US-based file storage platform Dropbox has confidentially filed for an initial public offering that would enable enterprise software producer Salesforce to exit, Bloomberg reported yesterday, citing people familiar with the matter.
Goldman Sachs and JPMorgan Chase have been selected to lead the underwriting, and Dropbox is in talks with other banks to join them, the sources said.
Founded in 2007, Dropbox operates a cloud-based storage platform with more than 500 million users, 200,000 of which are businesses, and is increasingly moving into business collaboration software.
Drew Houston, Dropbox’s co-founder and CEO, said in January 2017 the company had a achieved $1bn in annualised sales, and three months later revealed it had become profitable, excluding interest, taxes, depreciation and amortisation.
Dropbox was valued at $10bn, as of its last equity funding round, a $350m round in 2014 featuring Allen & Company, Sequoia Capital and Goldman Sachs and, according to the Wall Street Journal, BlackRock, T. Rowe Price and Morgan Stanley.
Salesforce’s corporate venturing arm, Salesforce Ventures, is one of the company’s backers but has not revealed when it invested.
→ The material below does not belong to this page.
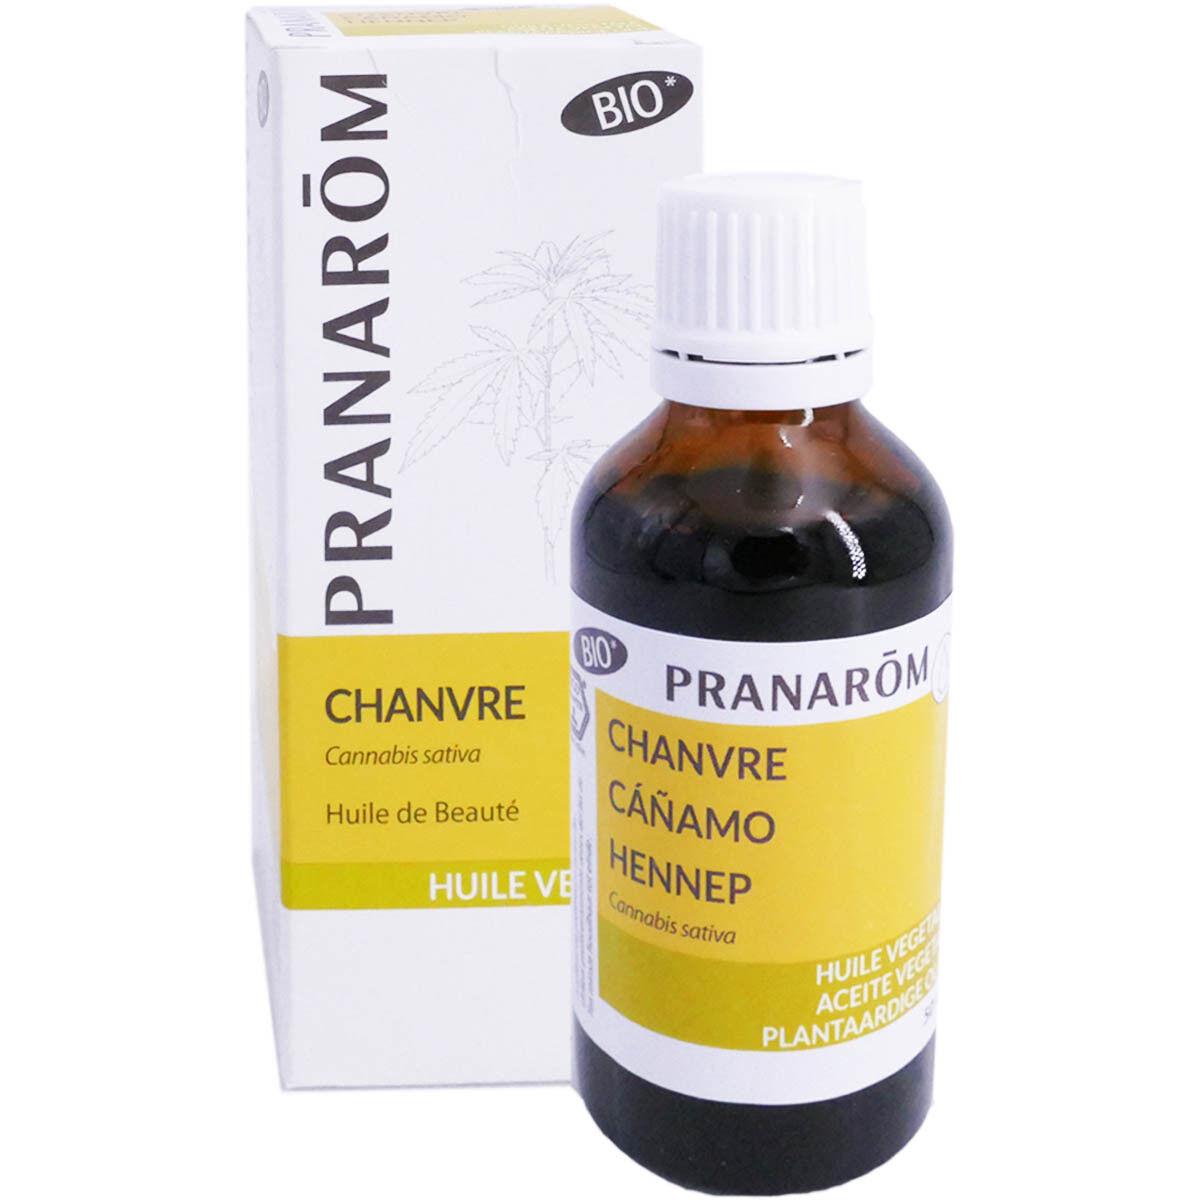 Pranarom huile vegetale bio chanvre 50ml

Other investors include Index Ventures, Benchmark, Greylock Partners, Institutional Venture Partners, RIT Capital Partners and Valiant Capital Partners.
The company has raised more than $600m in equity funding in total, and secured a $500m credit line led by JP Morgan in 2014. JP Morgan, Bank of America, Deutsche Bank, Goldman Sachs, Macquarie and Royal Bank of Canada supplied a $600m credit line in March 2017.